Test-drive the GATK tools and Best Practices pipelines on Terra
Check out this blog post to learn how you can get started with GATK and try out the pipelines in preconfigured workspaces (with a user-friendly interface!) without having to install anything.
HaplotypeCaller does not call variant depending on the interval list I use.
I am trying to explain why HaplotypeCaller calls a variant in some cases but not in others. I notice that a FN had very good coverage (>2000x) but wasn't being called. I ran HaplotypeCaller using an interval list of just that site, and the variant was emitted. I increased the size of the surrounding interval (10bp, 50bp, 100bp on either side), and the variant was still called. But if the interval gets too big (1000bp or larger), the gVCF does not have a call at the site:
chr pos . C . . END= GT:DP:GQ:MIN_DP:PL 0/0:2198:0:2192:0,0,0
I am curious why the PL's are all zero too!

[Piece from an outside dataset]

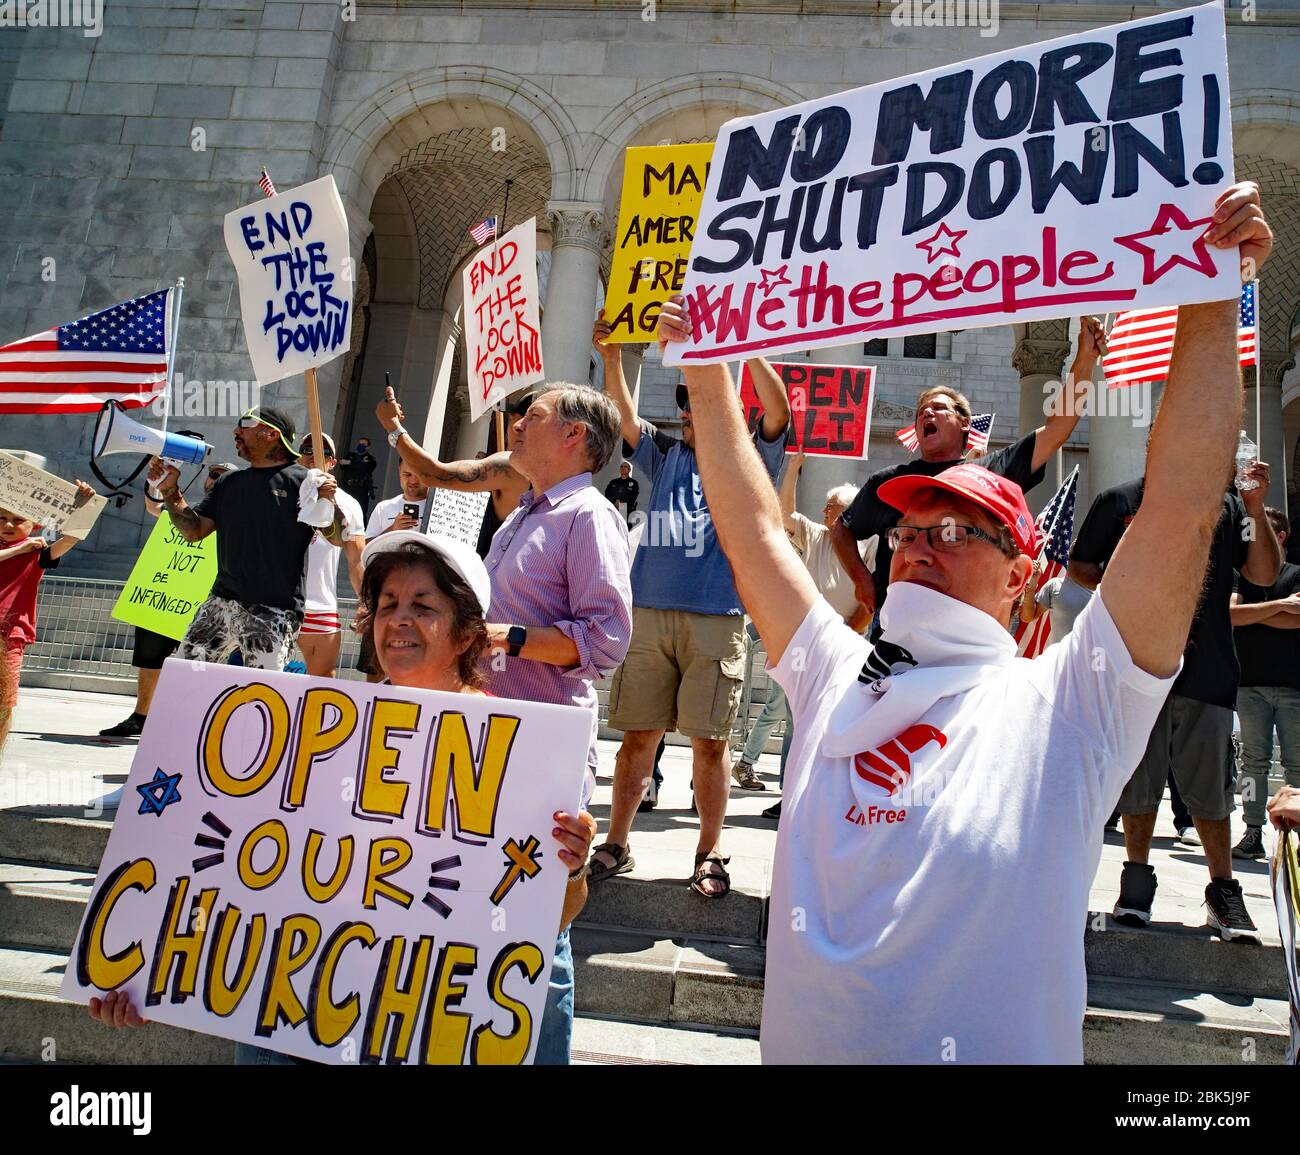 FULLYOPENCA May 1, 2020 Los Angeles, Ca. Hundreds gathers in front of Los Angeles City Hall protesting Stay At Home, displaying Signs no more shutdown, open our churches Stock Photo
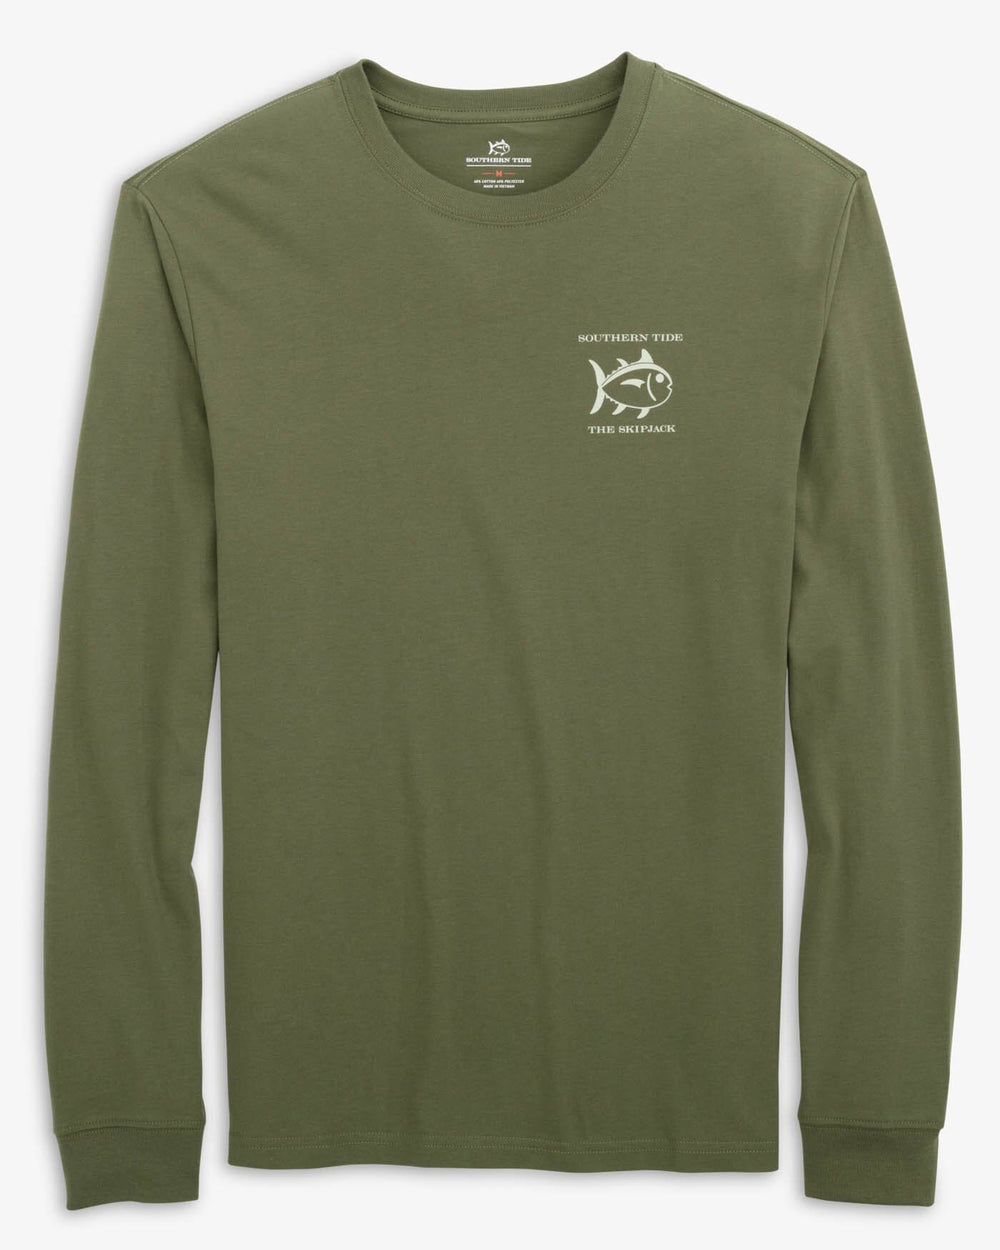 The front view of the Southern Tide Livin Lodge Skipjack Fill Long Sleeve T-Shirt by Southern Tide - Salton Sea Green

The output for this site when I use the smaller interval lists is:
chr20 pos . C T,A, 36264.77 . BaseQRankSum=8.793;ClippingRankSum=-0.574;DP=2068;ExcessHet=3.0103;MLEAC=1,0,0;MLEAF=0.500,0.00,0.00;MQRankSum=1.003;RAW_MQ=7438970.00;ReadPosRankSum=-0.478 GT:AD:DP:GQ:PL:SB 0/1:1009,994,1,0:2004:99:36293,0,32500,39597,33950,77303,39022,33568,73438,72576:402,607,486,509
Here's my full command:
java -XX:GCTimeLimit=50 -XX:GCHeapFreeLimit=10 -Xmx4096m -jar /path/to/GenomeAnalysisTK.jar -T HaplotypeCaller \ -R /path/to/hs38DH.fa \ --minPruning 3 --maxNumHaplotypesInPopulation 200 -variant_index_parameter 128000 -variant_index_type LINEAR --emitRefConfidence GVCF --max_alternate_alleles 3 --contamination_fraction_to_filter 0.0 \ -I /path/to/bam \ -L /path/to/interval/list \ -o /path/to/g.vcf \ -pairHMM VECTOR_LOGLESS_CACHING
GATK version: version 3.5-0-g36282e4
Note that running in
-genotyping_mode GENOTYPE_GIVEN_ALLELES calls it correctly.
Thanks for any help you could offer.